While he could certainly use the Facebook profiles of his members to get some amazing social data on their likes, favorite sports teams etc, the information available would vary too much from member to member and further would take a long time to mine given the current Social CRM tools available. So without scrapping Facebook as a login option, what could he do? For me the answer was simple, use a couple of triggered welcome email messages and a clearly discernible incentive. Upon signup with Facebook Connect, a triggered email campaign would begin where the goal was to welcome the member to the site, but the ultimate goal was to get the same three or four pieces of information that would have been captured had the signup occured completely onsite.

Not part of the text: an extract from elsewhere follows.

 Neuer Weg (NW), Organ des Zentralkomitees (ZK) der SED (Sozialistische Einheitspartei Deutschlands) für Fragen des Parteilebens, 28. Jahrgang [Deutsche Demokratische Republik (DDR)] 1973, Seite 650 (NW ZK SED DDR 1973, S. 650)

With four pieces of information to gather and an on-site credit to offer users who gave all four pieces of information (whether they did so all at once or over the three emails the incentive was the same) a welcome campaign was designed so that three emails would be sent to the user from the trigger moment of a signup with Facebook Connect (those who signed up directly received a different campaign) and the other two sent 24 and 48 hours after respectively. The three emails were designed to both welcome and aclimatize the user with the site but also were to be excercises in info gathering and pushing the user to make thier first site transaction. A complex set of requirements.

So what did it look like in practice? A triggered mini-campaign of three emails to both welcome the user and capture four key pieces of information was launched where the information gathering exercise was tied directly to the incentive offered. While I can’t share the emails themselves, I will give you a bit more detail.

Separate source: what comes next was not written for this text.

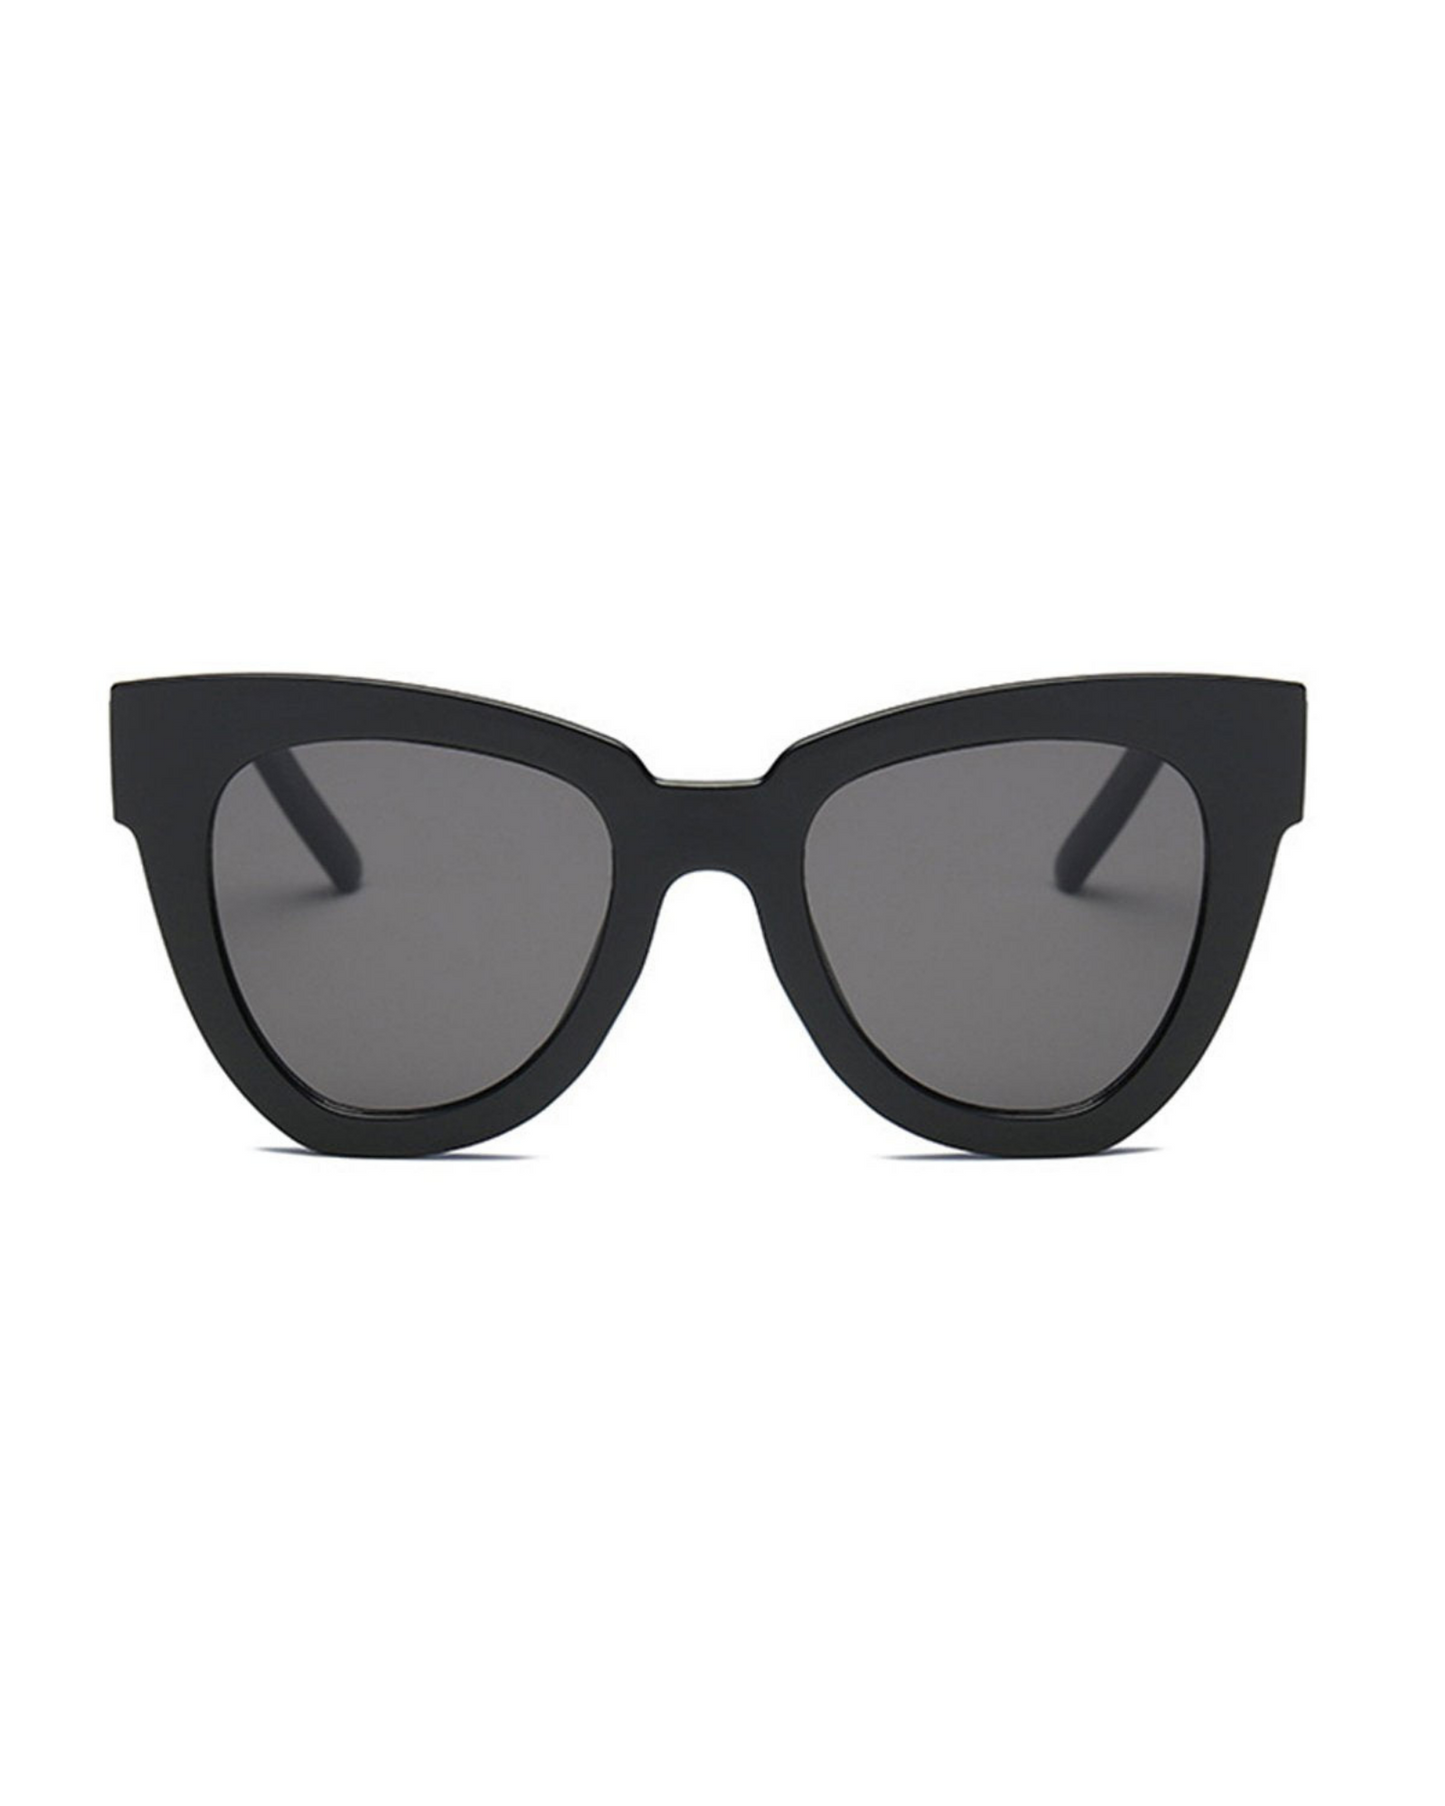 Hayley Sunglasses - The Details Boutique

In each email a key piece of the site served as the functionality to be described but rather than use text, it was done using an embedded video. The use of the video engaged people in the email right away and the simplicity of playing the video allowed for the real estate that would have been taken up by that text to then move up the graphics and text about profile completion (answering questions) and the incentive that went along with it.

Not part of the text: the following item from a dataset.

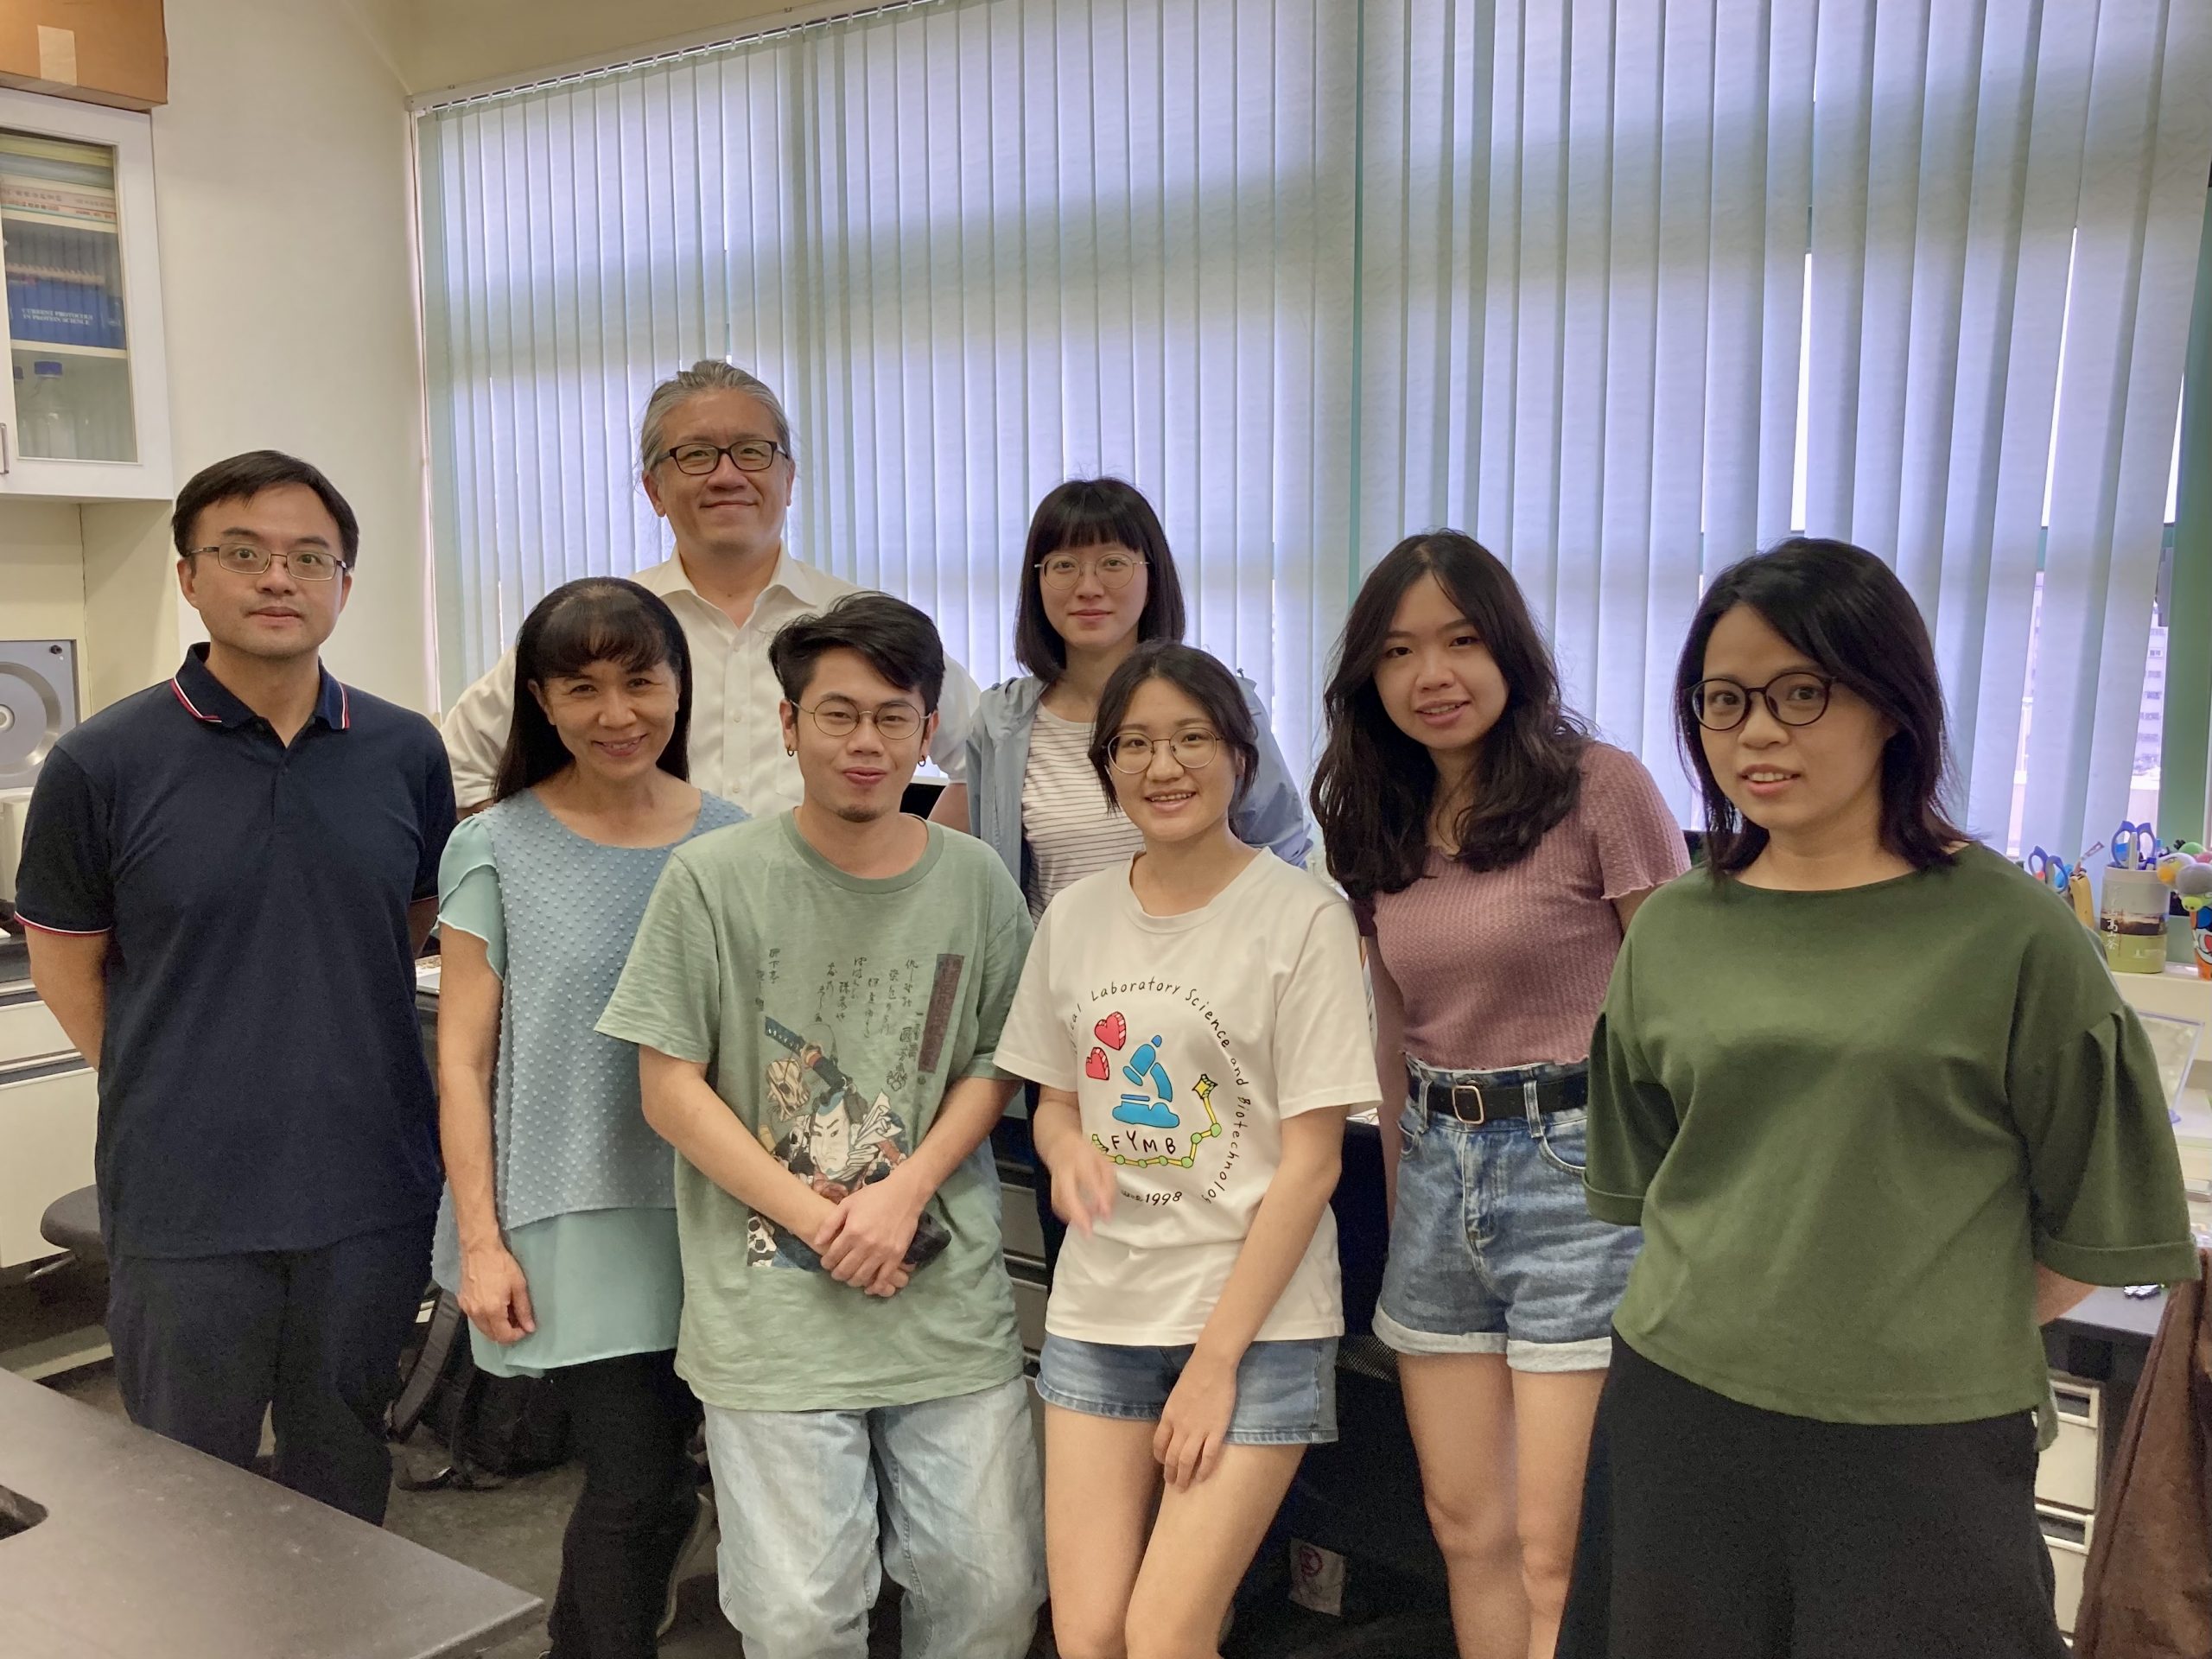 陳盈璁 and Members of the Laboratory 2022 Summer

Another key part of the email design went to the database behind it and using one of 5 possible dynamic questions/phrases (i.e. not asking the user something that you already had the answer to, questions dynamically appear based on the customer profile) in each email so as to gather new information each time and not present the user with anything non relevant or already known. The email was designed in such a way that the last thing the user saw was a dynamic question that got to one of the four pieces of information that was desired. The question was always graphically rich and tied directly to the incentive available for reaching a 100% profile.

While it was expected that it would take two or more emails to get most people to complete their profile, by tying it into the incentive and making the site information part of the email be a video rather than using that real estate for text there was a tremendous amount of users who completed thier profile after just the first triggered email and nearly everyone was done after email #2.

The timelyness of a triggered campaign combined with great design and a smart database have now allowed this stealth company to have 4 tremendously key pieces of profile information about their customers that would have remained unavailable had they simple accepted the information they received through Facebook Connect as the best they could get.

What about you, any great ways to incent your users to share more info with you?